*WORK REQUIRED*
Copy nothing from the entries below except the lines from the one containing "Вязание перчаток спицами" through the one containing "ترصد استكمال رصف", and copy those exactly.

*INFORMATION SHOWN*
═══

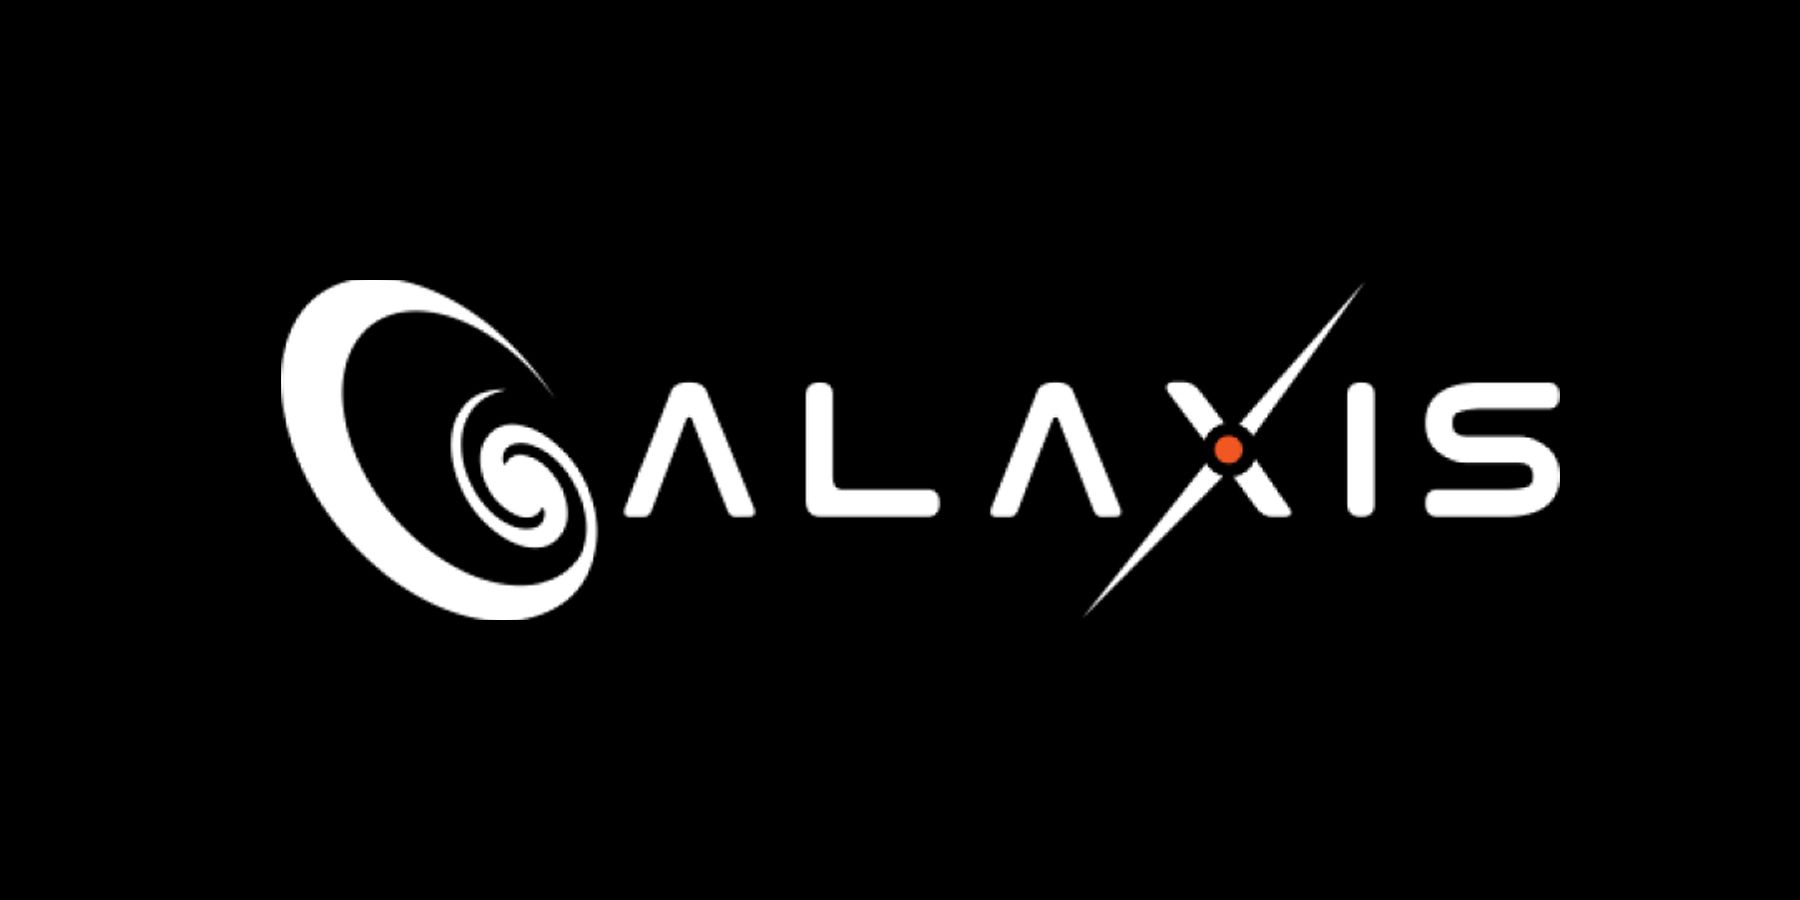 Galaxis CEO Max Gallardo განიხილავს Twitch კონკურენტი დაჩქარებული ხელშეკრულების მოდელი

═══

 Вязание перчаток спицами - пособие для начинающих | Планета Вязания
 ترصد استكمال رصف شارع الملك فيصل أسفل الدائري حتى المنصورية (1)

═══

*TASK OUTPUT*
 Вязание перчаток спицами - пособие для начинающих | Планета Вязания
 ترصد استكمال رصف شارع الملك فيصل أسفل الدائري حتى المنصورية (1)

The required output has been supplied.